Но, прежде всего, сильно впечатляет то обстоятельство, что они сильно друг на друга похожи. Это потому, что они вышли из одного источника и еще не оторвались от него к тому времени, когда трое из них погибли. Этот общий источник — Хлебников, конечно. Это «футуризм», футуристическое звучание стиха, подчас, а у Хармса часто, переходящее в заумь. Но ведь известно, с одной стороны, что футуризм Хлебникова получил это название случайно. И дело не в том, что сам он называл себя будетлянином, а в том, что его порыв в будущее был в то же время уходом в глубокое прошлое, в архаику, к мифу и корням языка. Его будущее было очень хорошо забытым прошлым. Но к тому времени, когда началось все это движение — и не в одной России! — это прошлое катастрофически приблизилось к самому последнему модерну. Высокоразвитая цивилизация сорвалась в бездну 1914 года. В сущности, она и сейчас там находится, но в некоторых отсеках этой бездны люди начали, как говорит Солженицын, обустраиваться, и пока, к сожалению, отнюдь не Россия.
Хлебников был таким же знаком этого провала в бездну, как на Западе, скажем, Пикассо. Авангардистское искусство зашифровано, темно, на манер оракула, но обозначило тему современности: возвращение к первоначальным стихиям, к элементарным основам. И после первой мировой войны все стало элементарным, в том числе люди, в России превратившиеся в «уважаемых граждан» Зощенко.

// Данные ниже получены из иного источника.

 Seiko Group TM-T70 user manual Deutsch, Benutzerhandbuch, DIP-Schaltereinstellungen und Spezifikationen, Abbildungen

Вот то же самое можно увидеть в прозе Хармса. Он прозой сейчас известен, пожалуй, больше, чем стихами, она стала культовой. Но у Зощенко все-таки изображаются люди, а у Хармса уже не люди, недочеловеки, элементарные частицы. У Хармса в прозе уже не быт, а некая метафизика. И ее нельзя сводить непосредственно к социально-историческим влияниям страшного советского времени. Само это страшное время наступило оттого, что нечто сместилось в глубинах бытия.
Известный современный писатель Михаил Шишкин, живущий в Швейцарии, говорит в одном эссе:
Студенты цюрихского славянского семинара читают Хармса (со словарем и восхищением), но это не тот Хармс. Швейцарский Хармс о чем-то другом. Наш — однояйцовый близнец того же Платонова… Обериутский абсурд — развитие башмачкинского реализма в стране, где война и выбрасывание старух из окон есть просто образ жизни. Самый абсурдный хармсовский текст поневоле становится тем самым рупором, через который старухи что-то вякают перед тем, как шмякнуться на асфальт.
Все так, но уточнения нужны. Платоновские герои еще остаются русскими, это странники, мечтатели, юродивые, в них ощутим русских дух. А Хармса нельзя сводить к русской литературе, даже к России вообще: он писал о всеобщих содержаниях эпохи. Говорят же, что он похож на Ионеско и Кафку. Связь с Кафкой особенно интересна, потому что тот начал писать даже и до 1914 года, в благополучнейшей застойной Австро-Венгрии. А получилось — об Освенциме. Освенцим, как и НКВД, — частность. Современное человечество изобрело, например, атомную бомбу. Вот это и есть выход самой продвинутой культуры на элементарный уровень, к элементарным силам, к миру до творения, так сказать.
И модель этого процесса гораздо адекватнее дает не проза Хармса, а его стихи. Тут неизбежно возникает аналогия с современной живописью. Стихи Хармса похожи на Хуана Миро, на Мондриана, больше всего на Пауля Клее. Но можно вспомнить и Сезанна, отца новой живописи, а может быть и всего авангардного искусства. На его пейзажах и натюрмортах мир еще узнаваем, но это уже не копия природы, а обнаружение ее скрытых, подземных сил — бытийных сил. Вы уже не материю природы видите, а ощущаете ее энергии. Так вот и стихи Хармса — они похожи на яблоки Сезанна.
И опять очень важен Хлебников для всех обериутов. У них это намеренная корявость стиха, в котором как бы случайно возникают мерные строчки, хаос еще не превратился в космос — и как бы не нужно этого. Собственно, даже и стихов нет как «опуса», то есть чего-то окончательно оформленного, законченного: дан процесс, а не результат, не стихотворение, а метод. Это можно иллюстрировать, процитировав любые стихи Хармса, но лучше сделать это в составе прозаического текста — из квази-теоретического манифеста под названием «Сабля»; и это не только эстетическая декларация Хармса, но и его философия. Основное в его философии — человек как изначальное качество бытия, как его живой носитель и репрезентант (сейчас бы сказали «Да-зайн» или экзистенция).